At this step S104, TSC control is also carried out which controls the total length
of the waveform sample data to be stretched or compressed along the time axis, independently
of the tone pitch, in accordance with the time (TSC) template. Further, to prevent
the waveform continuity from being lost due to the time-axial stretch or compression
control, this step S104 executes an operation for reading out two different groups
of waveform sample data (corresponding to different time points within the same waveform
template and performing cross-fade synthesis between the read-out waveform sample
data. This step S104 also executes an operation for reading out two different waveform
templates (i.e., waveform templates of a pair of preceding and succeeding articulation
elements) and performing cross-fade synthesis between the read-out waveform templates,
for each of the predetermined element connecting regions. In addition, this step S104
further executes an operation for reading out waveform templates repetitively in the
looped fashion and an operation for performing cross-fade synthesis between two templates
while they are being read out.
[0230] In the event that the waveform (Timbre) template to be used retains a timewise pitch
variation component of the original waveform, values of the pitch template may be
given in differences or ratios relative to the original pitch variation. Thus, when
the original timewise pitch variation is to be left unchanged, the pitch template
is maintained at a constant value (e.g., "1").
[0231] At next step S105. an operation is executed to generate an amplitude template. Then,
at step S106, the tone volume level of one waveform sample data generated at step
S104 is variably controlled by the amplitude envelope value generated at step S105
and then added to the waveform sample data already stored at the address location
of the waveform buffer W-BUF pointed to by the current address pointer. Namely, the
waveform sample data is accumulatively added to the corresponding waveform sample
data of the other channel at the same sample point. Thereafter, at step S107, it is
ascertained whether the above-mentioned operations have been completed for one frame.
If the operations have not been completed for one frame, the process goes to step
S108 to prepare a next sample (advance the address pointer to a next address).
[0232] Similarly to the above, in the event that the waveform (Timbre) template to be used
retains a timewise amplitude variation component of the original waveform, values
of the amplitude (Amp) template may be given in differences or ratio relative to the
original amplitude variation. Thus, when the original amplitude variation over time
is to be left unchanged, the amplitude template is maintained at a constant value
(e.g., "1").
[0233] Now, a description will be given about an example of the time-axial stretch/compression
control employed in the embodiment.
[0234] Using the time-axial stretch/compression (TSC) control proposed by the assignee of
the present application in a copending patent application (e.g., Japanese Patent Application
No. HEI-9-130394), the time-axial length of waveform data of plural waveform cycles,
having high-quality, i.e., articulation characteristics and a given data quantity
(given number of samples or addresses), can be variably controlled as desired independently
of a reproduction pitch of the corresponding tone and without sacrificing the general
characteristics of the waveform.

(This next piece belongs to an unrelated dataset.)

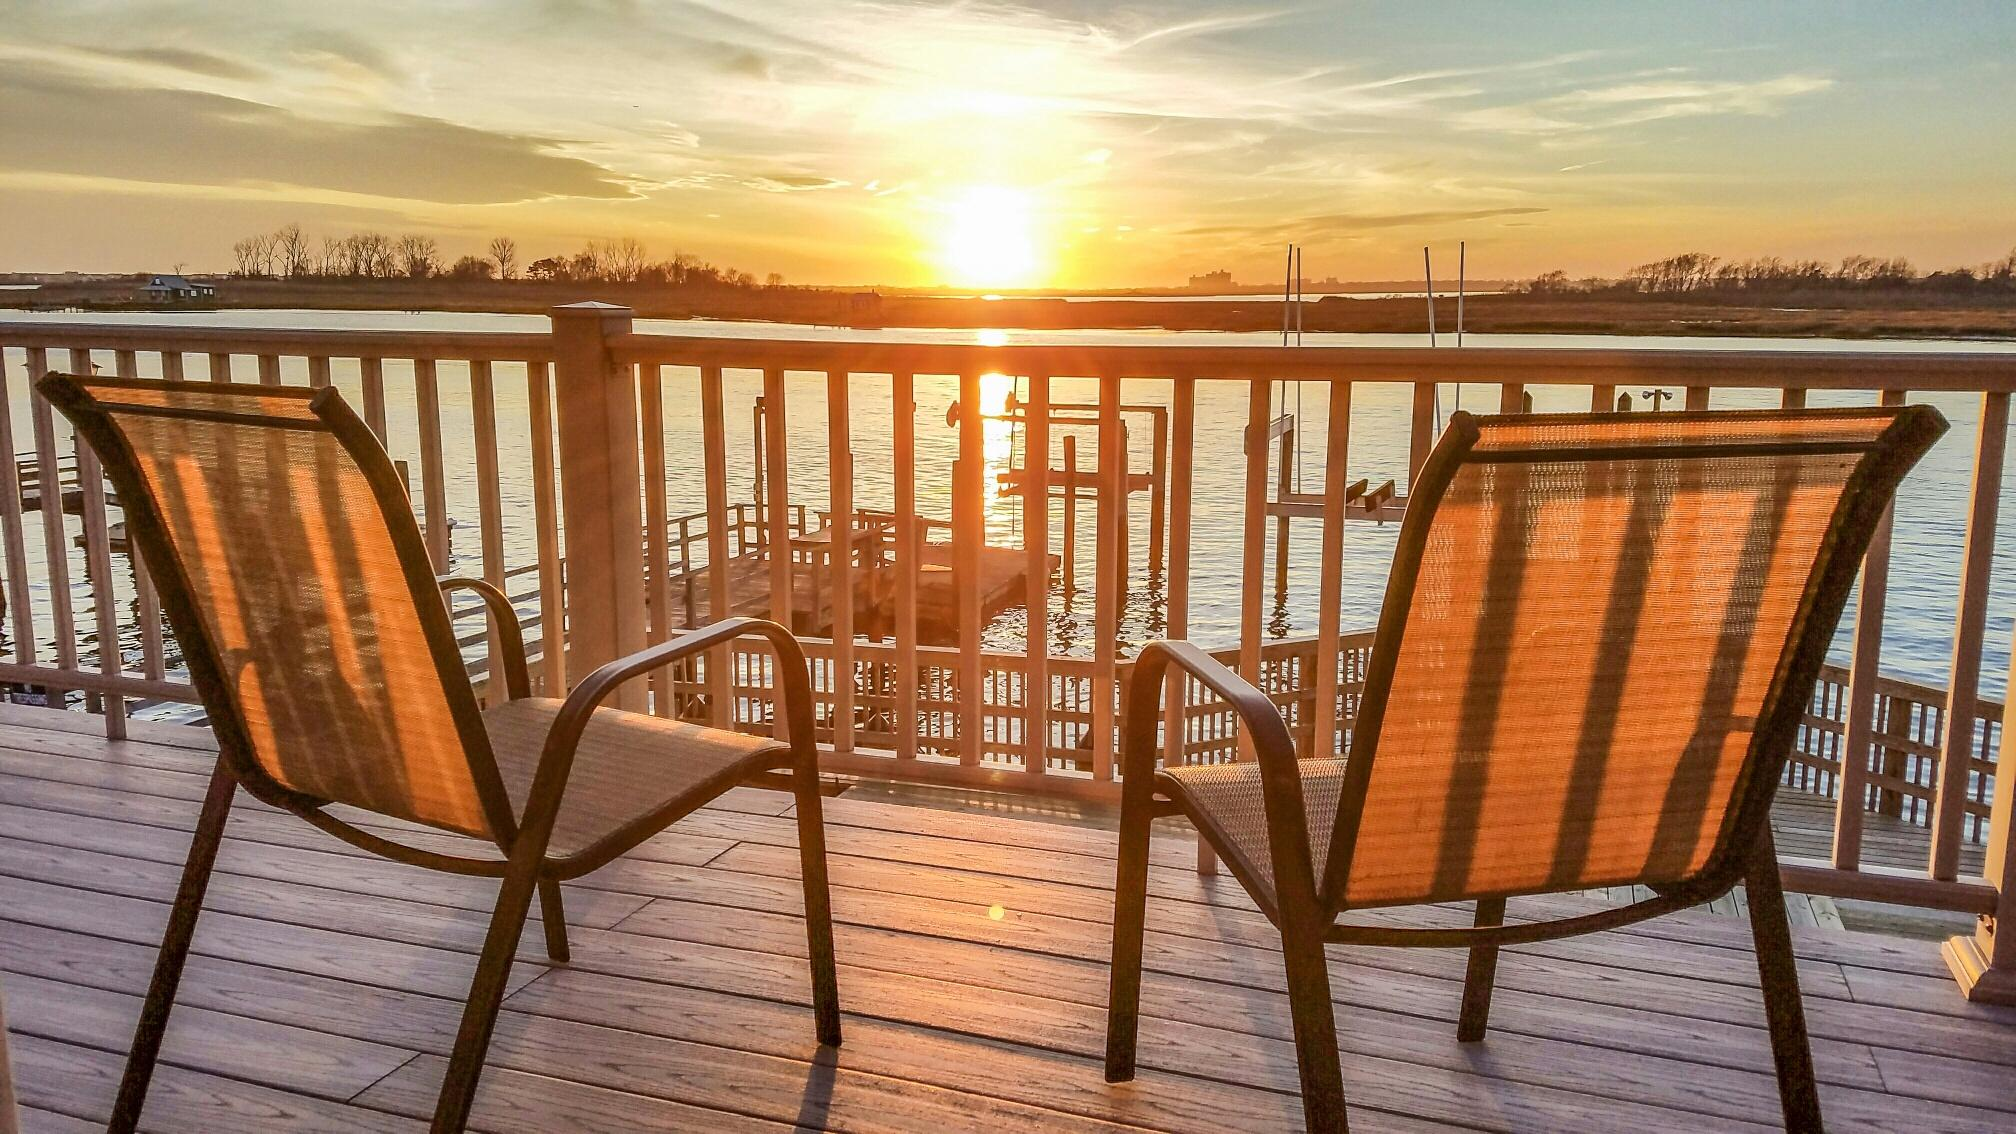 Hamilton Park Homes For Sale & Real Estate | Roslyn, Long Island NY MLS

Briefly speaking, the proposed TSC control is intended
to stretch or compress the time-axial length of a plural-cycle waveform having a given
data quantity while maintaining a predetermined reproduction sampling frequency and
reproduction pitch; specifically, to compress the time-axial length, the TSC control
causes an appropriate part of the waveform data to be read out in a sporadic fashion,
while to stretch the time-axial length, it causes an appropriate part of the waveform
data to be read out in a repetitive or looped fashion. Also, the proposed TSC control
carries out cross-fade synthesis, in order to prevent undesired discontinuity of the
waveform data that would result from the sporadic or repetitive partial readout of
the data.
[0235] Fig. 31 is a conceptual diagram outlining the principle of such a time-axial stretch/compression
(TSC) control. Specifically, Section (a) of Fig. 31 shows an example of a time-varying
time template, which comprises data indicative of a time-axial stretch/compression
ratio (CRate). In section (a), the vertical axis represents the time-axial stretch/compression
ratio CRate while the horizontal axis represents the time axis t. The stretch/compression
ratio CRate is based on a reference value of "1"; specifically, when the ratio CRate
is "1", it indicates that no time-axial stretch/compression is to take place, when
the ratio CRate is greater than the reference value "1", it indicates that the time
axis is to be compressed, and when the ratio CRate is smaller than the reference value
"1", it indicates that the time axis is to be stretched. Sections (b) to (d) of Fig.
31 show examples where the time-axial stretch/compression is carried out in accordance
with the stretch/compression ratio CRate using virtual read address VAD and actual
read address RAD, in each of which the solid line represents an advance path of the
actual read address RAD and the dotted line represents an advance path of the virtual
read address VAD. More specifically, section (b) of Fig. 31 shows an example where
the time-axial compression control is performed as dictated by a time-axial stretch/compression
ratio CRate at point P1 of the time template shown in section (a) (CRate>1), section
(c) of Fig. 31 shows another example where no time-axial stretch/compression control
is performed as dictated by a time-axial stretch/compression ratio CRate at point
P2 of the time template (CRate=1), and section (d) of Fig. 31 shows still another
example where the time-axial stretch control is performed as dictated by a time-axial
stretch/compression ratio CRate at point P3 of the time template (CRate1<1 In section
(c), the solid line represents a basic address advance path corresponding to designated
pitch information, where the advance path of the actual read address RAD and virtual
read address VAD coincide with each other.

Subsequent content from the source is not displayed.